- Born: 1969 or 1970 (age 55–56)
- Education: University of Copenhagen
- Occupations: Entrepreneur, businessman, investor; Co-founder and CEO of Moonbug Entertainment
- Board member of: JP/Politikens Hus Guardian Media Group
- Children: 3

= René Rechtman =

Danish entrepreneur (born 1969/1970)

René Rechtman (born 1969 or 1970) is a Danish entrepreneur, businessman, and investor. He is the founder and CEO of Moonbug Entertainment and former president of international operations at Maker Studios (now part of the Walt Disney Company).

==Education==
Rechtman has a master’s degree in Political Science and International Relations from the University of Copenhagen.

==Career==
In 2000, Rechtman joined Tradedoubler, an internet advertising firm, and established the firm in Denmark. In 2004 he was called to return to the London offices and was named director of advertising. In 2005, Tradedoubler went public and was listed on the Stockholm Stock Exchange.
In 2008, Rechtman became director and co-owner of GoViral, a Danish startup distribution platform for video advertising. He sold the company in 2011 to American AOL for approximately $100 million. He remained on as CEO of AOL BeOn, the global branded content division of AOL Networks, and also served as senior vice president of AOL International.
He served as the president of international operations and was an investor at Maker Studios (which would become Disney Digital Network) in 2014. That same year, the company was acquired by Disney for $500 million and he became head of "non-linear media". In 2016, he co-founded RFRSH Entertainment, a Danish esports entertainment platform, with Nikolaj Nyholm and Jakob Lund Kristensen.

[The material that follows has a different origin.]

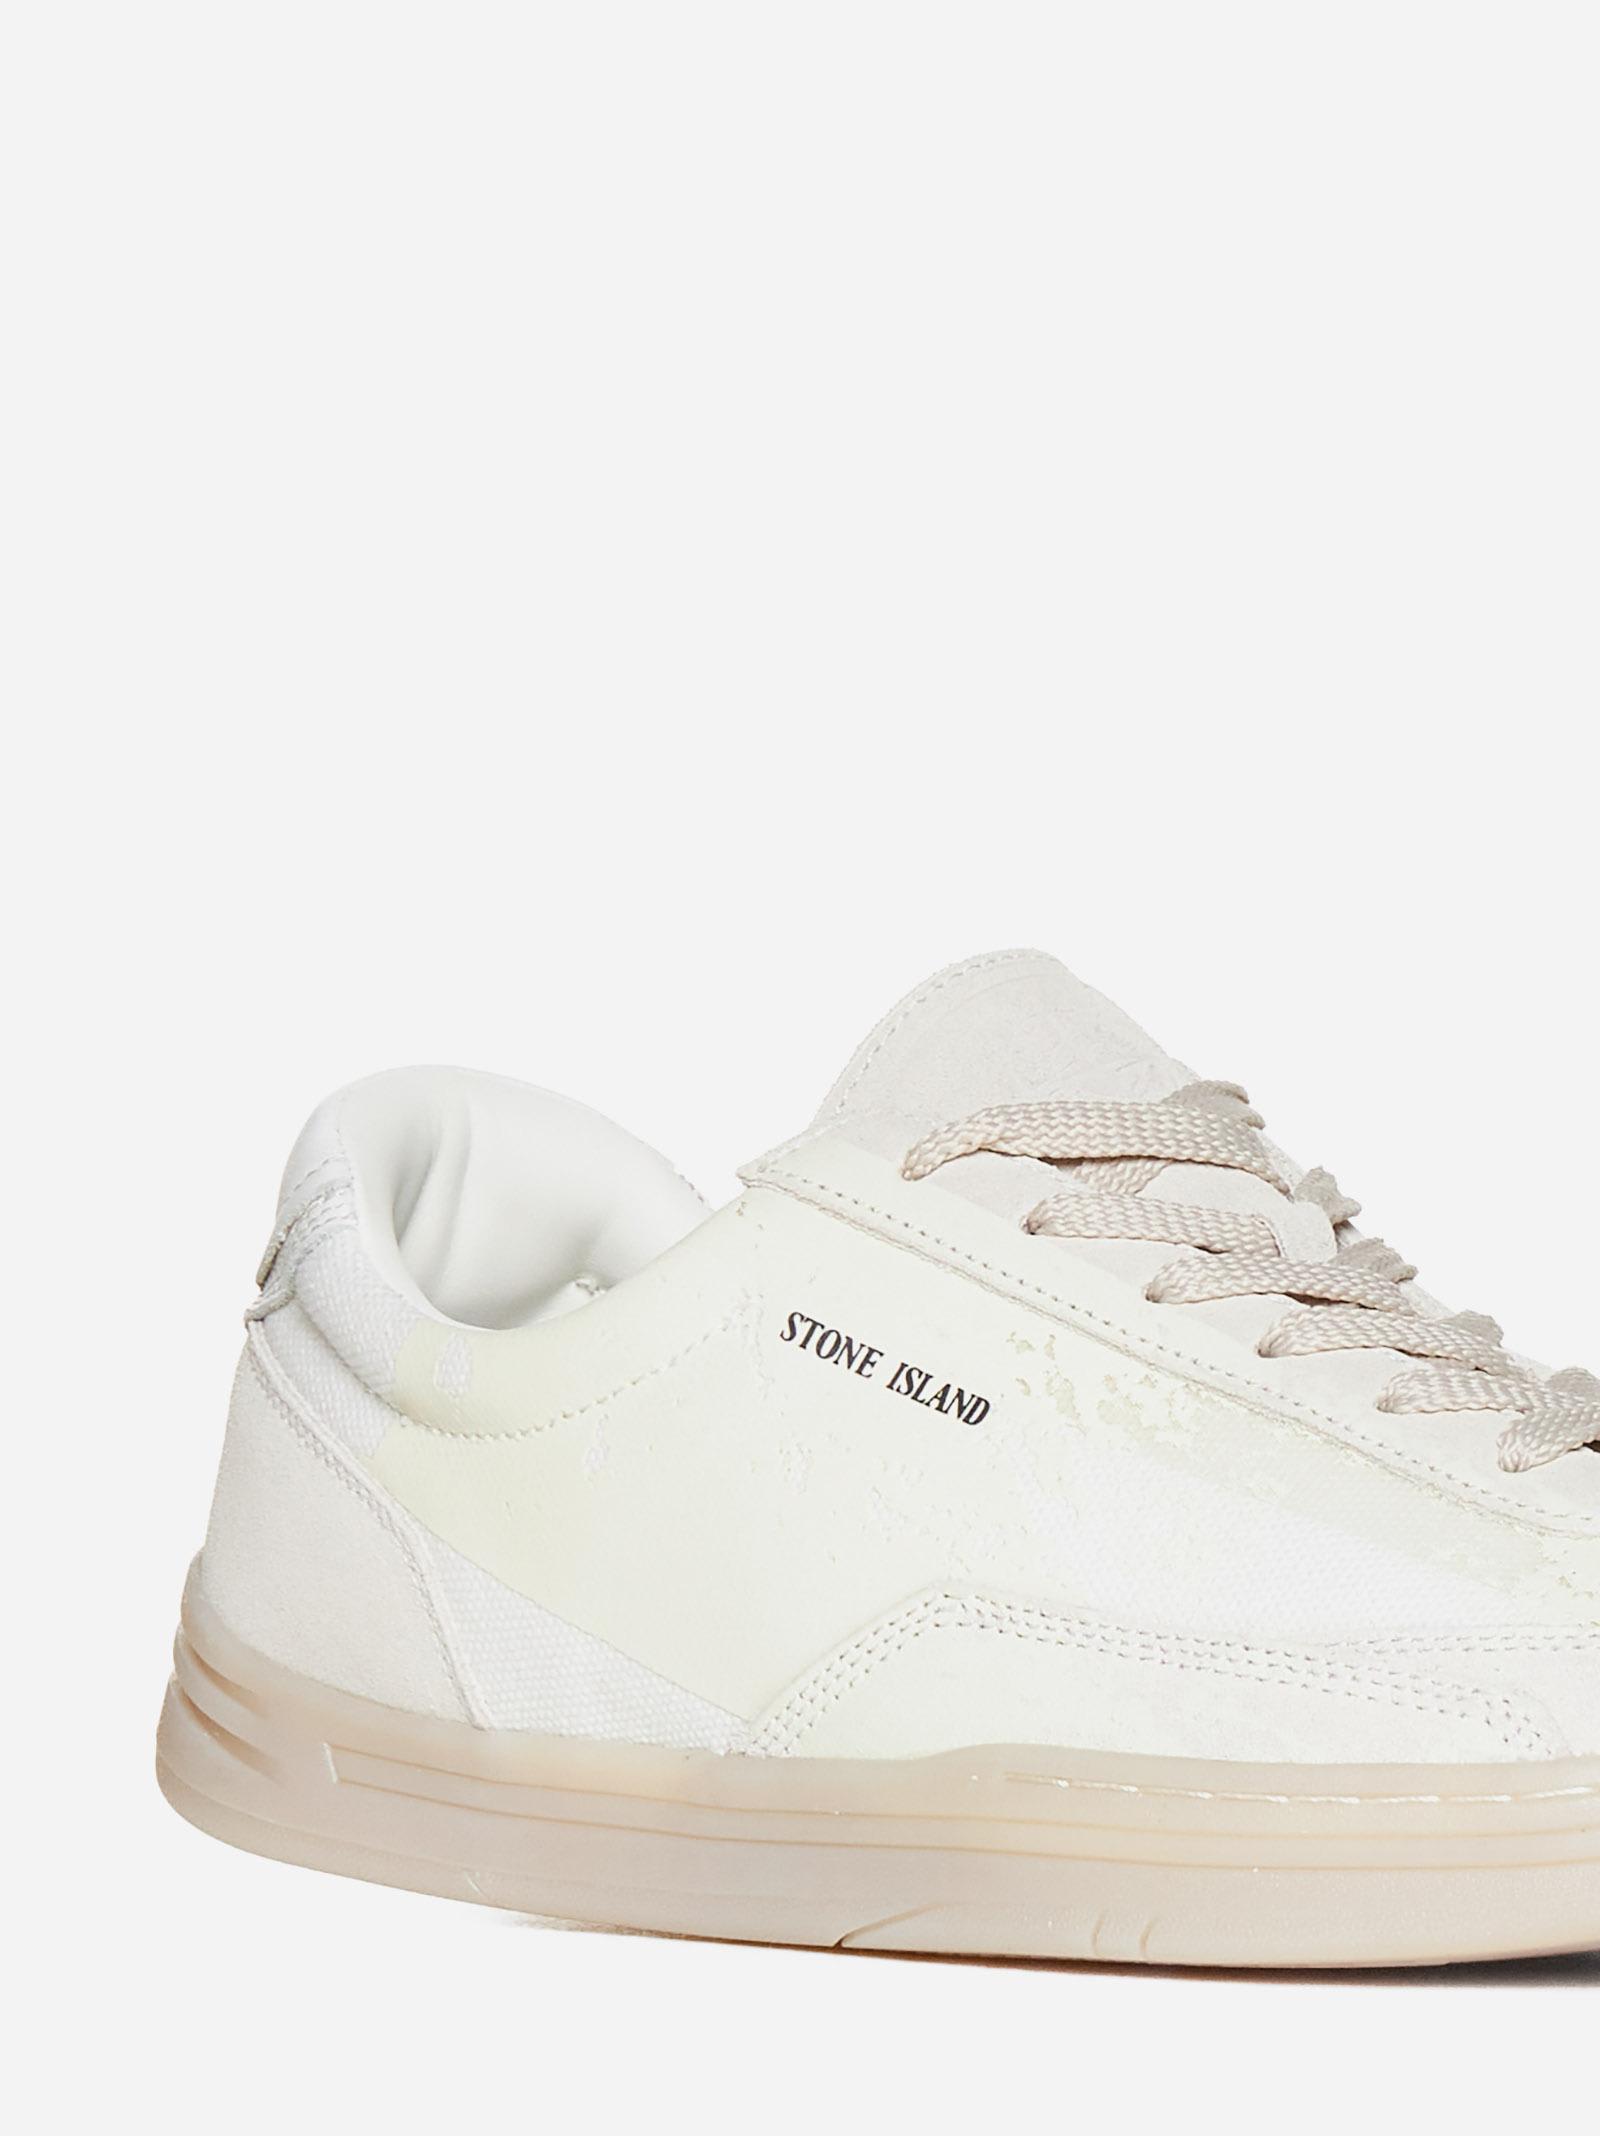 Stone Island - Low Top Sneakers | HBX - Globally Curated Fashion and  Lifestyle by Hypebeast

In 2018, Rechtman left Disney and founded Moonbug Entertainment, a children’s entertainment company, with John Robson. The company's most famous series is Cocomelon, with one and a half billion plays on Youtube in one month. He sold the company in November 2021 for $3 billion to two former Disney executives, Kevin Mayer and Tom Staggs, and their Blackstone-backed media company, which was later named Candle Media in January 2022.
He serves on the board of JP/Politikens Hus and Guardian Media Group.
In 2011 and 2012, Rechtman was named in Wired Europes Top 100 most influential list.

==Personal life==
Rechtman was born from a Jewish family in Copenhagen, Denmark. He lives in London with his wife and three children.